Jerry Desdunes

Personal information
- Date of birth: 13 April 2001 (age 25)
- Place of birth: Léogâne, Haiti
- Height: 1.70 m (5 ft 7 in)
- Position: Attacking midfielder

Team information
- Current team: AV Alta FC
- Number: 7

Youth career
- Depoze FC
- Exafoot
- Kalonji SA

Senior career*
- Years: Team / Apps / (Gls)
- 2021: Kalonji SA
- 2021: Peachtree City MOBA / 14 / (6)
- 2021: San Diego 1904 / 18 / (1)
- 2022: Northern Colorado Hailstorm / 25 / (3)
- 2023: Ventura County Fusion
- 2025–: AV Alta FC / 45 / (11)

= Jerry Desdunes =

Haitian footballer (born 2001)

Jerry Desdunes (born 13 April 2001) is a Haitian professional footballer who currently plays for AV Alta FC in the USL League One.

==Career==
Desdunes played locally with Depoze FC and Exafoot, before moving to the United States in 2018 to join the Kalonji Soccer Academy. In 2021, Desdunes played with USL League Two club Peachtree City MOBA, where he scored six goals in 14 regular season appearances. Desdunes followed this with a spell in the NISA with San Diego 1904, making 18 appearances.

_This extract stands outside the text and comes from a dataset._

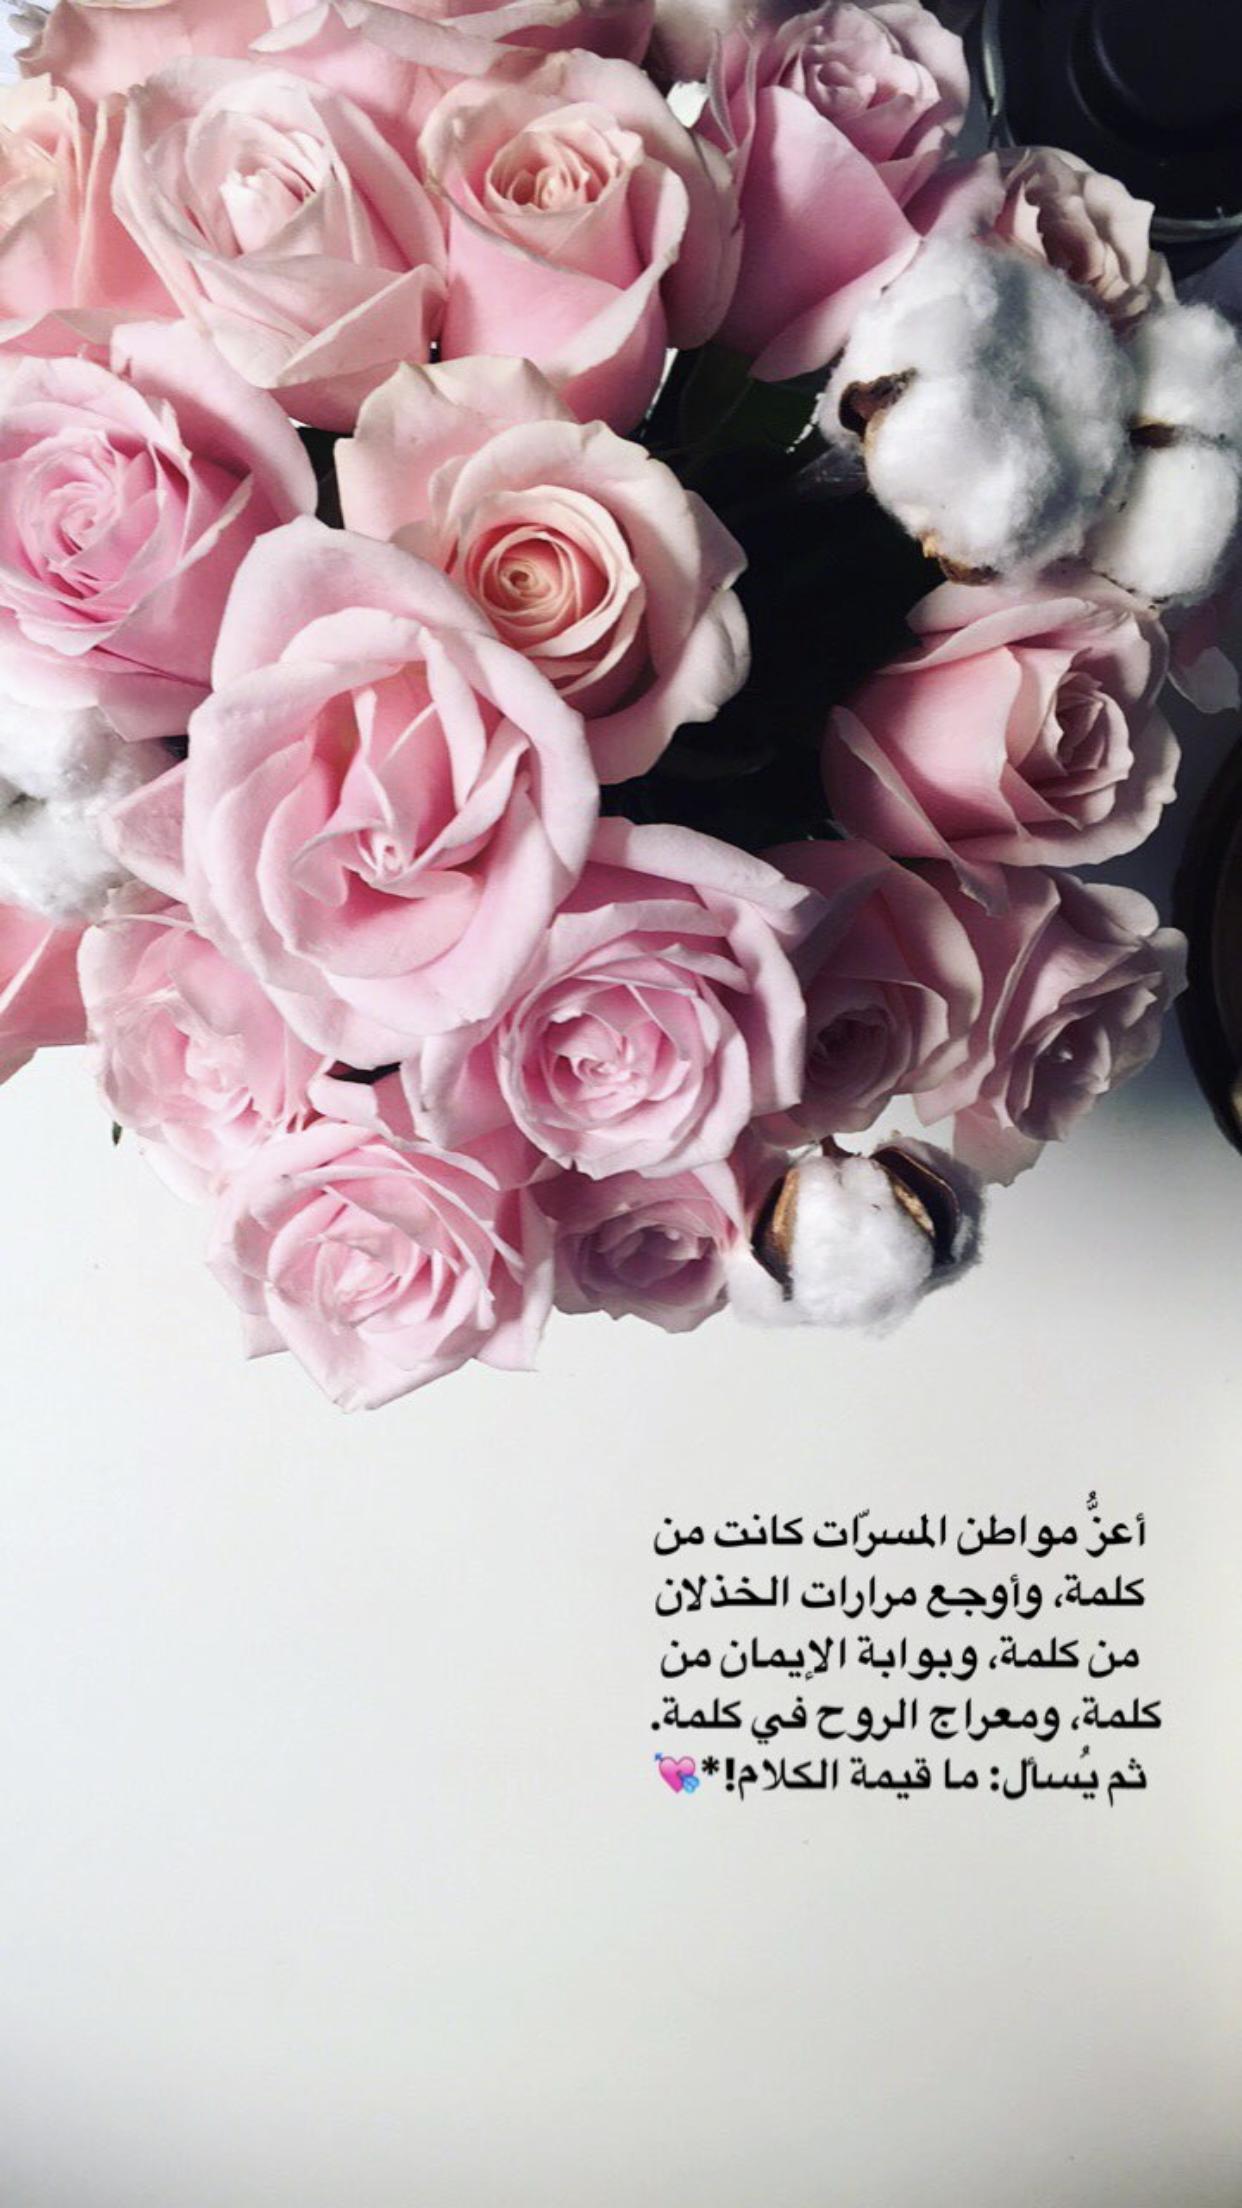 Pin By موضي البليهد On سناب موضي البليهد Allah Rose Love

On 1 February 2022, Desdunes signed with Northern Colorado Hailstorm of the USL League One ahead of their inaugural season. He debuted for the club on 6 April 2022, starting and scoring the winning goal in extra-time in a U.S. Open Cup game against Colorado Springs Switchbacks. Following the 2022 season, Northern Colorado declined his contract option.